I missed posting last week. This is because, if you believe Hollywood, I’m dying. You see, I have a cough.
Oh, I mean, it comes with a bit of a fever—not enough to be dangerous, but enough so that I’ve been a bit loopy. Fatigue. Like that. But mostly, I’ve been coughing a lot, and to someone who’s seen a lot of movies, this clearly means death. To the point that I once expressed astonishment at seeing a character in a movie cough and then survive the picture. The Gipper? Coughed before he died. Women in movies like Les Miserables and Moulin Rouge! managed to belt out some pretty impressive songs while dying of tuberculosis, but it’s okay—you can tell they’re really sick, because they’re coughing. Now and again. Maybe while spitting a dainty, ladylike drop of blood onto a lacy handkerchief.
I get it. Coughing is a way to show illness onscreen at all, and I admit that there aren’t too many of those. Running noses are really gross, and it’s probably true that you get some really weird continuity errors out of it. Fever can be complicated. Mostly, you see people looking sweaty and kind of pale, and that’s got different connotations. And . . . what else is there? Sneezing? Surprisingly hard to fake well. My boyfriend points out spontaneous bleeding from random places, which is both popular and creepy, but that’s also not a symptom of many survivable real-world illnesses.

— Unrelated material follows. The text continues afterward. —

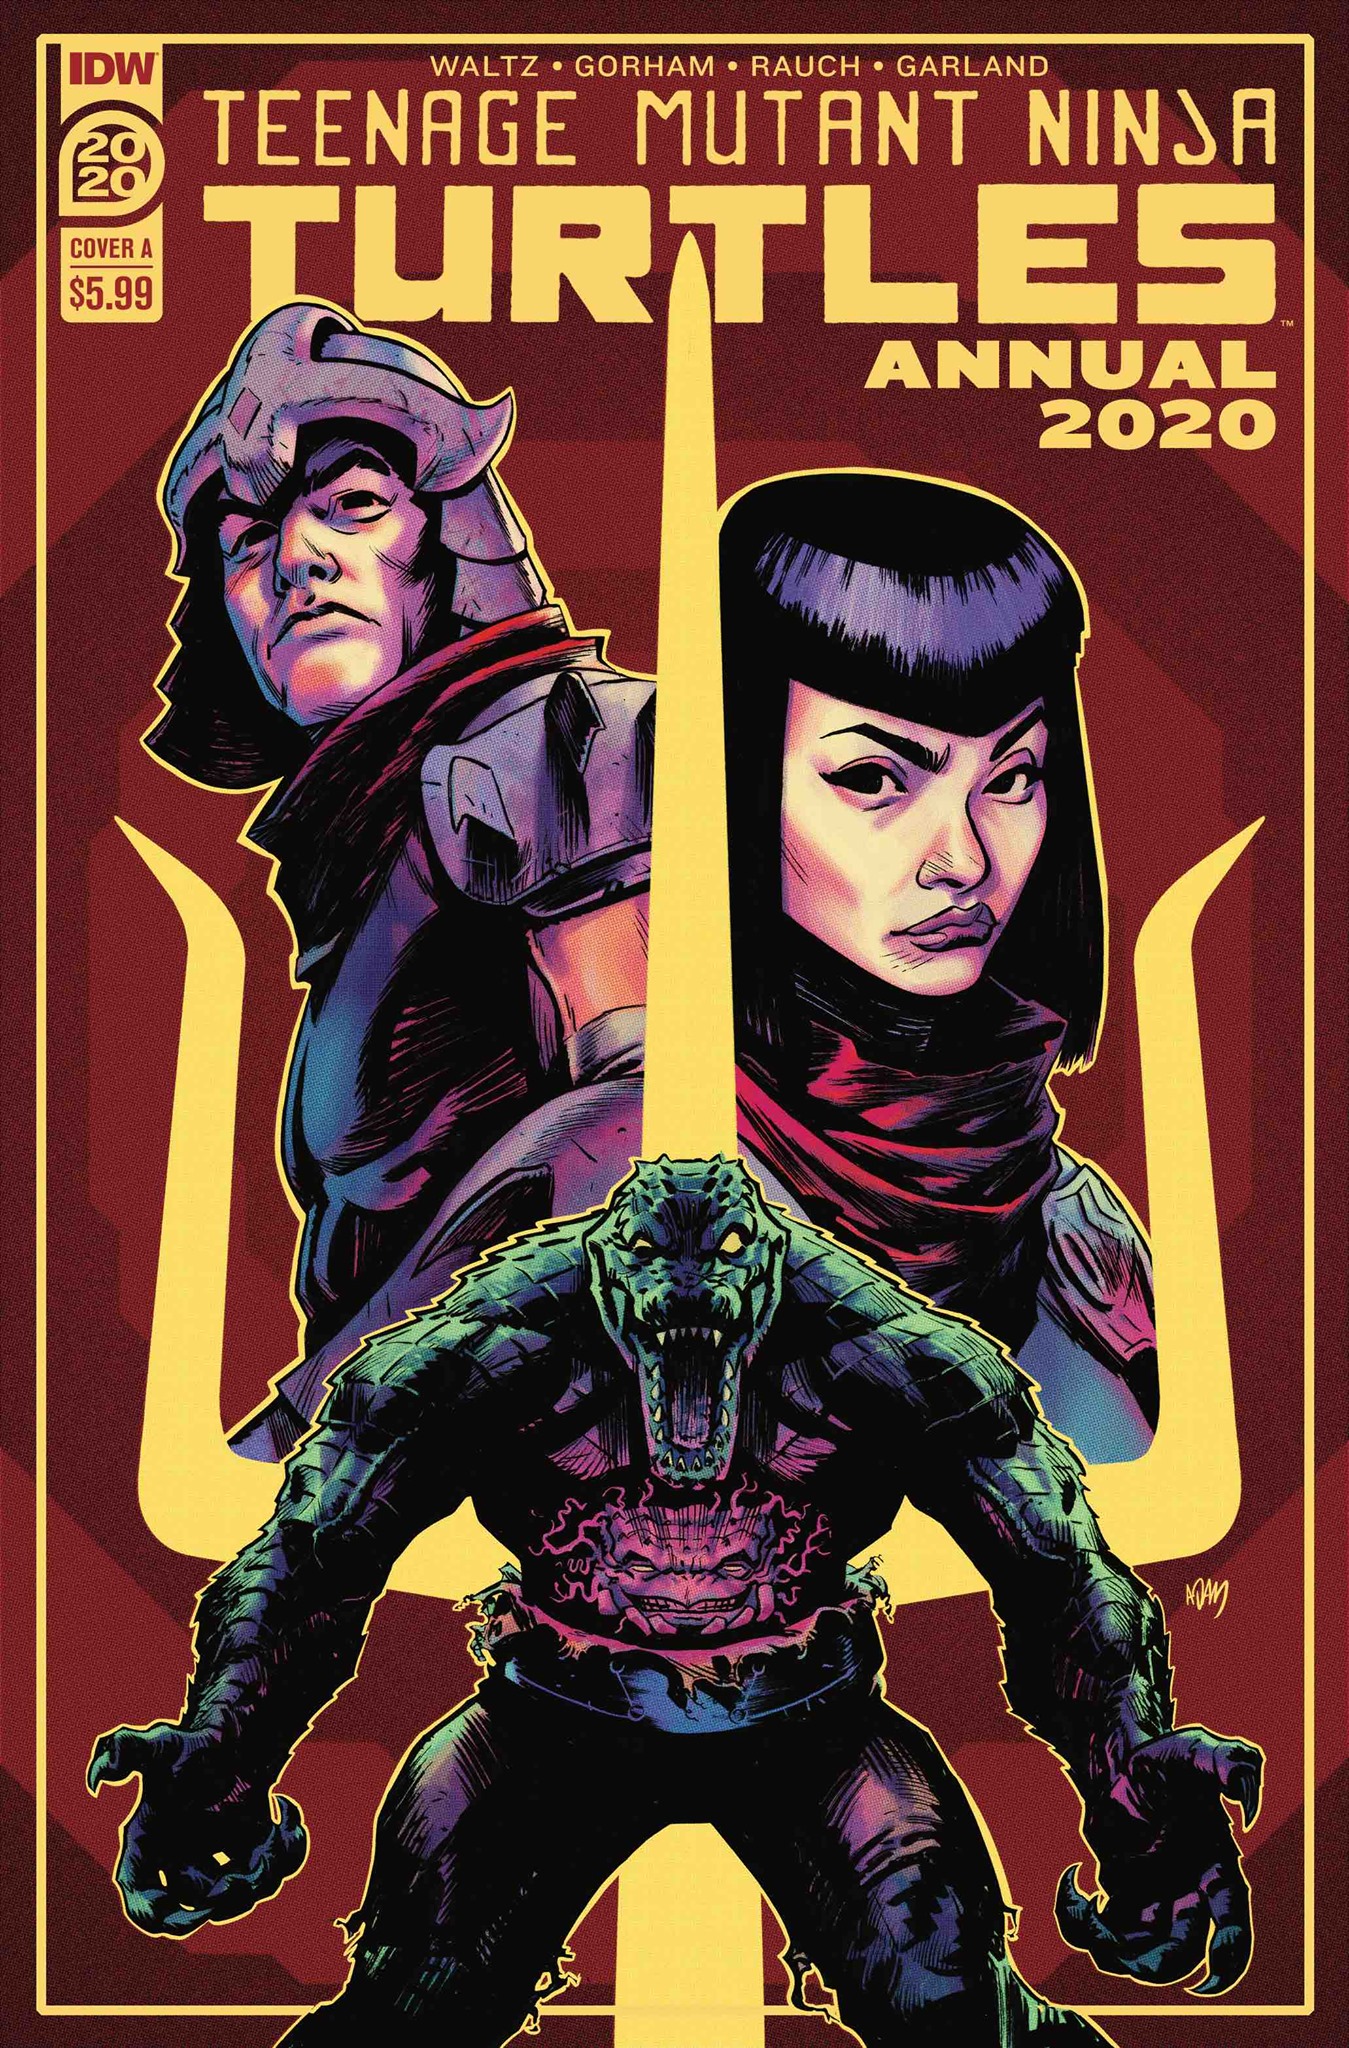 Teenage Mutant Ninja Turtles Annual 2020 #1 Cover A Gorham

I think the bigger problem is how seldom people actually survive movie illnesses. No one in the movies ever just has the sniffles because people sometimes get the sniffles. If you feel like you have to go lie down for a while, you’re delaying the plot, not establishing character. Though it’s interesting to contemplate—a movie cop who wants to solve the crime, but first, can we stop at the drug store for some Sudafed? I got allergies, man.
The movies, of course, are not really about showing us the human experience. Rear Window would not have been as interesting if Jimmy Stewart had been trapped in his house by a cold instead of a broken leg, because instead of looking out the window, he would have been lying in bed, surrounded by tissues and moaning. Or hopped up on antihistamines and sound asleep. Instead of gourmet dinners, Grace Kelly would bring him chicken soup. It’s a funny brief parody sketch, I guess, but not much of a feature.
Doc Holliday falling off his horse while coughing up blood is drama. Me fending off a seventeen-month-old who is full of energy while coughing phlegm into a tissue? That’s farce. Mild illness is an inconvenience. Oh, a major one, especially in a culture that doesn’t offer a lot in the way of sick time and expects far too many people to go to work (and, helpfully, spread their illness further) or else lose their jobs. It’s just not the sort of thing we tend to be interested in seeing on the big screen. Especially not in most genres, where the story isn’t really about what’s going on in the characters’ personal lives anyway.
I might watch a comedy about someone with a cold, though. Not a gross-out one where the whole point is buckets and buckets of phlegm, but a situational one where the person is dealing with all the stupid, petty annoyances of being sick. Going to the drug store at two AM and trying to determine which cough medicine you want. Running out of tissue and soup and either having to go back to the store, again, or else beg a roommate to go for you when your roommate is trying to stay out of the contagion zone. Having things that need to get done anyway; you have to do dishes or else you run out of things to eat chicken soup out of, right? All this assuming you can get the sick time. And, of course, there’s figuring out if you’re sick enough to call a doctor, who probably won’t be able to do anything for you anyway, because you have a cold and it’ll get better on its own.
Actually, I called mine, because I thought it might be a sinus infection. It isn’t. My sinuses are fine. She doesn’t know what’s wrong with me. She wrote me a scrip for a hard-core cough suppressant and sent me home to bed. But she did listen to my lungs, and they’re clear, so sorry, Hollywood—this time, it isn’t tuberculosis.